As illustrated in the following image, all Storage Spaces Direct volumes are accessible by all servers in the cluster at the same time. They’re created in the C:\ClusterStorage folder on all servers.

Diagram that shows volumes constituting a layer of abstraction on top of a storage pool accessible via Cluster Shared Volumes (C S V s).

When planning for Storage Spaces Direct volumes, you should consider:

  • Number of volumes per cluster

  • Volume size

  • Resiliency type

  • Partitioning type

  • File system

Note

The resiliency type heavily influences performance and capacity characteristics and is closely correlated with the first two considerations.

Choose the number of volumes

To optimize storage performance, the number of volumes per server should be a multiple of the number of servers per cluster. For example, if you have four servers, you will experience more consistent performance with four or eight volumes per server. Configured this way, the cluster can evenly distribute the volume ownership across all cluster nodes.

Note

The total number of volumes per an Azure Stack HCI cluster shouldn't exceed 64.

Choose the size of volumes

The size of a volume refers to its usable capacity, which is the amount of data it can store. Size is different than a volume's footprint, which is the total physical storage capacity it occupies in the storage pool. The footprint depends on the volume resiliency type. The combined footprints of all cluster volumes need to fit in the storage pool.

Note

The size of a volume on an Azure Stack HCI cluster shouldn't exceed 64 terabytes (TB).

Choose the resiliency type

Volume resiliency is the primary mechanism that helps protect data residing in the storage pool against hardware issues such as drive or server failures. It also enables continuous availability during server maintenance events such as software updates that require node reboots. The choice of the resiliency type is related to the number of cluster nodes.

Resiliency with two-node clusters

With two nodes in a cluster, you can use either two-way mirroring or nested resiliency. Two-way mirroring is supported on clusters with any number of nodes. Nested resiliency is available exclusively on two-node clusters.

Note

Nested resiliency can withstand two simultaneous hardware failures, including either two drives or a server and a drive on the remaining server. You should consider using it when running production workloads on two-node clusters.

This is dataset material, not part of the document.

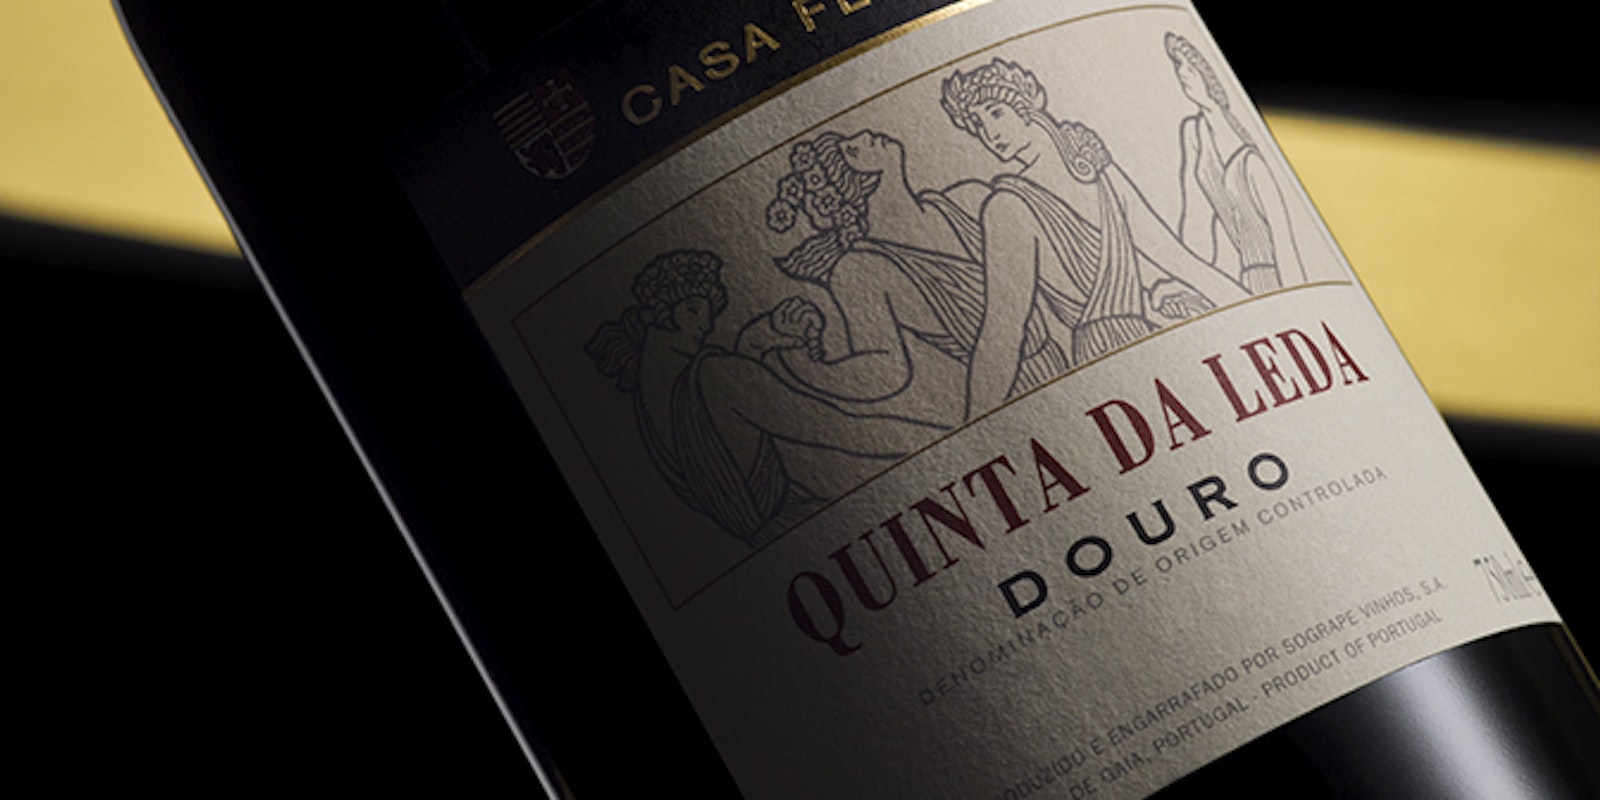 Quinta da Leda wine bottle

Resiliency with three-node clusters

With three nodes in a cluster, you should use three-way mirroring if you want to maximize fault tolerance and performance. Volumes with three-way mirroring can withstand two (or potentially more) simultaneous hardware failures involving one node and a drive, or multiple drives on one of the remaining nodes. Similarly, such volumes can withstand multiple drive failures provided they don't include any of the drives on one of three cluster nodes.

Note

If two nodes fail at the same time, the storage pool loses its quorum and the volumes become inaccessible.

Resiliency with four or more cluster nodes

With four or more servers, you additionally have the option to implement volumes with dual parity or mirror-accelerated parity. Dual parity provides the same fault tolerance as three-way mirroring, but with better storage efficiency. The tradeoff is performance, because parity encoding is more compute-intensive, resulting in increased latency and CPU utilization.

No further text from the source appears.